Wonwoo lifts his arm and slides it behind Junhui’s back. Junhui leans in. Inch by inch. Until his forehead rests briefly against Wonwoo’s shoulder. Until his chest meets Wonwoo’s ribs. Until his ear settles over Wonwoo’s heart.

Junhui exhales.

It shudders once on the way out, like a breath held too long finally released. His shoulders drop. The tension in his spine unwinds. His grip on the pillow loosens, and it falls forgotten between them.

Wonwoo tightens his arms around him. 

Junhui tucks his face into the junction of Wonwoo’s neck and shoulder. His breath brushes skin. Hair clings lightly to Wonwoo’s collarbone.

“You’re alright,” Wonwoo whispers into his hair. “Sleep now.”

Junhui’s breathing evens. Slowly. Gradually. His body sinks into Wonwoo’s hold as if surrendering weight he has carried for years.

Minutes later, he is asleep.

Wonwoo does not move.

He listens to Junhui’s breath. Feels the rise and fall of his chest. The warmth pressed against his ribs. 

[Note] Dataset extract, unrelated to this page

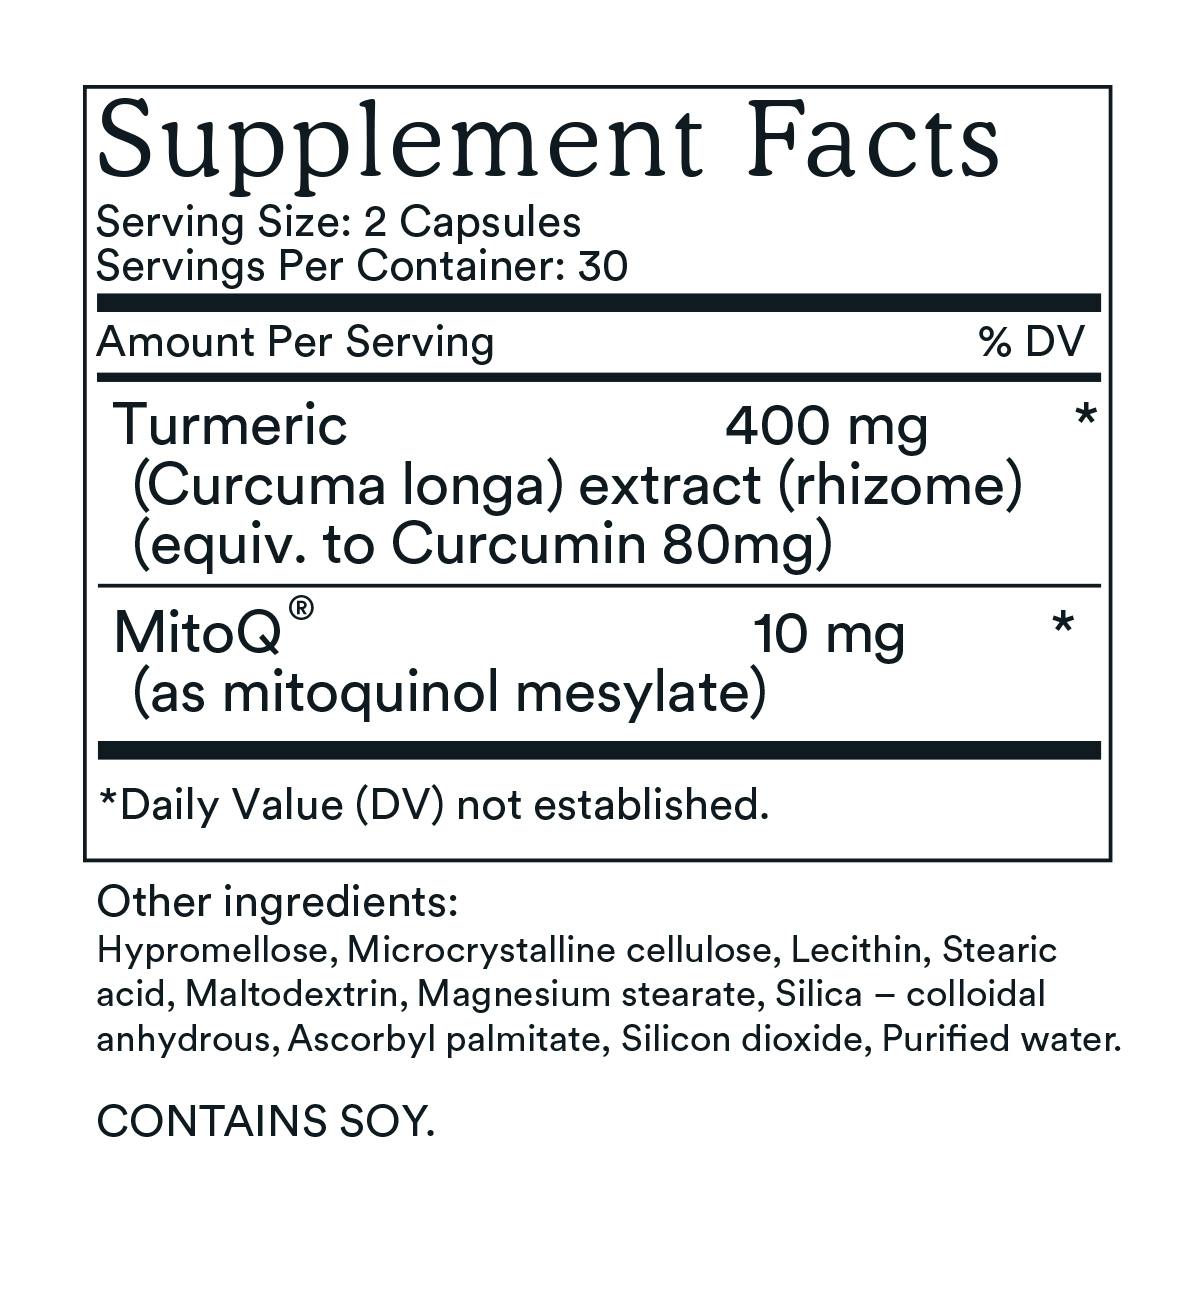 Supplement Facts label for MitoQ curcumin

Junhui is in his arms. He had made peace with never holding him again. 

Something in Wonwoo’s own chest loosens. A knot he did not know he had been carrying.

He remains awake long into the early hours.

Notes:

This chapter is where Wonwoo quietly crosses a line. On the surface, he is simply following medical instructions and handling logistics — arranging the apartment, planning meals, setting routines, staying physically close. But underneath, he is choosing to reorganise his life around Junhui again. He is aware of the tension this creates: with his family, with expectations, with the version of independence he thought he had. He knows that keeping Junhui close will eventually require confrontation. He simply decides that this is a problem for later.

Emotionally, he shifts from helpless witness to active caretaker, even if he never names it as such. He watches, waits, adjusts, makes space. The tension is there, but for now, he lets all other concerns recede and focuses on one thing only: keeping Junhui safe, healthy, and near.

The pacing remains slow because this is what their lives look like in recovery — careful movements, shared silence, deliberate proximity. The story will pick up pace in the next chapter. For now, they are learning how to breathe in the same space again.